# Fail



## blacktop (Oct 28, 2012)

Straight flex [original] It's never worked !!! Please stop wasting my time !!!


----------



## blacktop (Oct 28, 2012)

......


----------



## blacktop (Oct 28, 2012)

Living room ceiling 16 '


Master bedroom 16' 


Nice !


----------



## blacktop (Oct 28, 2012)

Crimp on bead???? REALLY! SI!!


----------



## heavy_d (Dec 4, 2012)

Interesting.


----------



## SuperiorHIP (Aug 15, 2010)

First time I used the stuff I had the same issue. Seemed like a neat product but unless its bent perfectly it is trying to pull itself away from the joint as soon as the knife leaves the surface. Haven't used it since.


----------



## Big Shoe (Jun 16, 2008)

Don't you just love those easy jobs. :jester:

So how do you plan on fixing that straight flex ?


----------



## icerock drywall (Aug 16, 2012)

I did a repair job to a house that all the flex tape was falling off. I just pulled it back and sprayed trim tex glue and pushed it back.


----------



## blacktop (Oct 28, 2012)

Big Shoe said:


> Don't you just love those easy jobs. :jester:
> 
> So how do you plan on fixing that straight flex ?


Ultra-flex. I ripped It all out and replaced it with what should have been used the first go round. This ain't the first time Iv'e gone behind ''those'' people!


----------



## icerock drywall (Aug 16, 2012)

blacktop said:


> Ultra-flex. I ripped It all out and replaced it with what should have been used the first go round. This ain't the first time Iv'e gone behind ''those'' people!

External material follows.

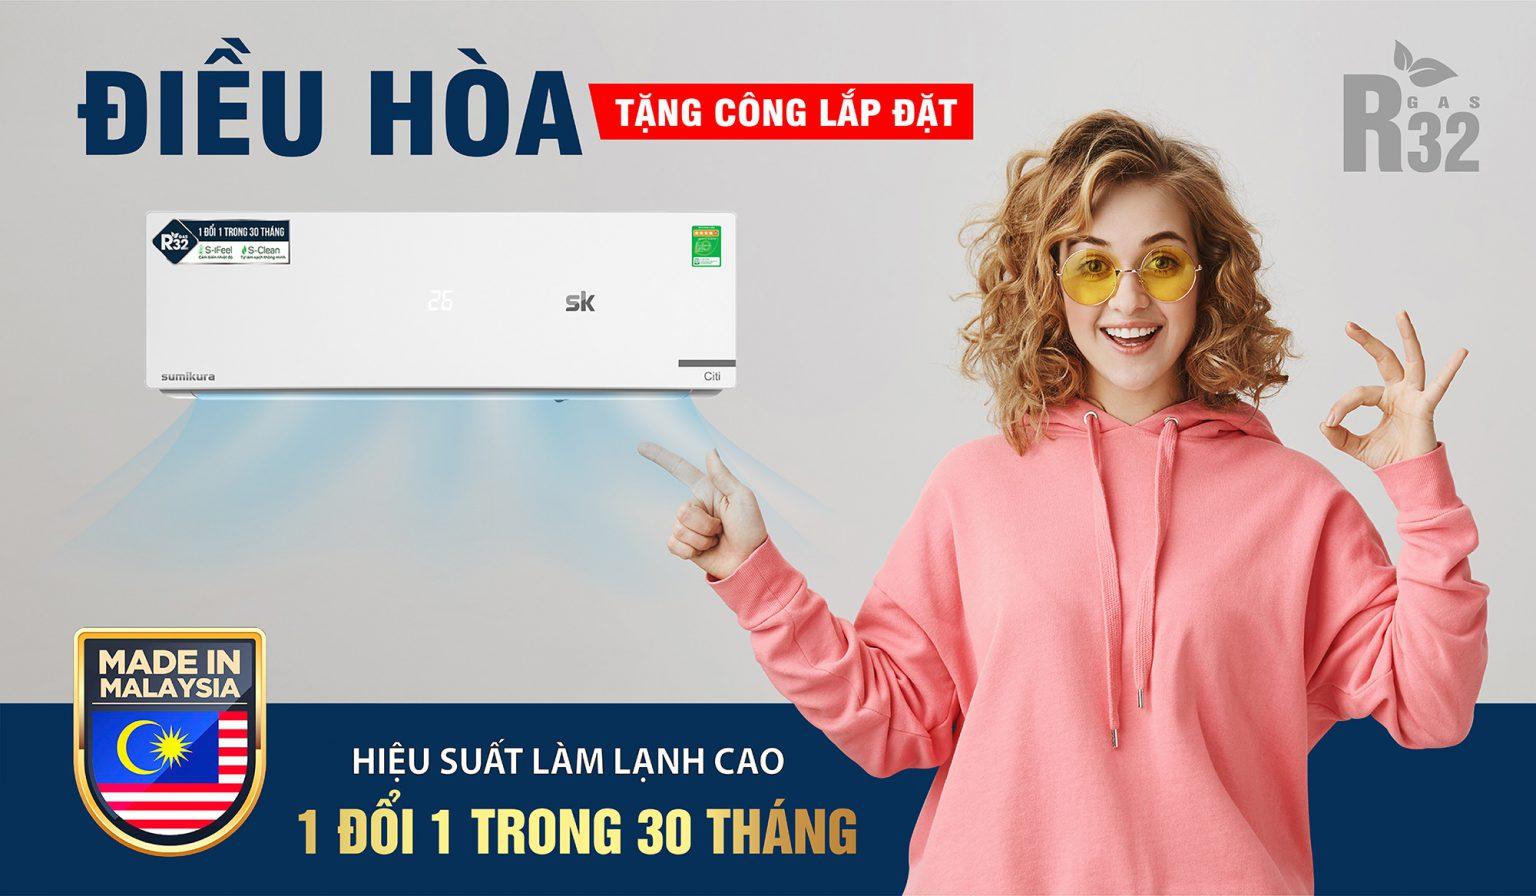 Banner khuyen mai dieu hoa 2021 99 1536x896 1

nice... the job I did he wanted a quick fix and did not want to pay a lot


----------



## mnld (Jun 4, 2013)

icerock drywall said:


> nice... the job I did he wanted a quick fix and did not want to pay a lot


Run


----------



## quickpatch (Jun 9, 2010)

*The best strait-flex joke*

The great strait-flex joke was the official solution to the "not sticking" to the wall problem The solution was to sell 8 ounce bottles of bonding agent for $8.00. Mix it in the mud and it would stick a little better. You could buy the exact same product for $20.00 per gallon being sold at Home Depot as concrete bonder. To be fair to strait-flex I should mention that I bought one of the first boxes of No-coat Ultraflex when it was brand new.
The ultraflex was a disaster. I contacted the supplier and they told me that there were production problems and the whole first run delaminated. The rest, as they say, is history.


----------



## flippinfool (Jan 6, 2009)

I've been using it for over ten years and had only one or two small 3-6" spots that gave way. I use red (tuff tape) for all inside corners and blue (big) for any off angles. I use green lid without adding any water(just a good mix) and also use the super bond glue. With the red I fold it in half hard and open it up just a bit more than the corner and install in a nice bed of mud. Do the same with the blue. The green (medium) and black (original) are much harder to work with. The red is a pc of cake. Hope it helps.


----------



## blacktop (Oct 28, 2012)

quickpatch said:


> The ultraflex was a disaster. I contacted the supplier and they told me that there were production problems and the whole first run delaminated. The rest, as they say, is history.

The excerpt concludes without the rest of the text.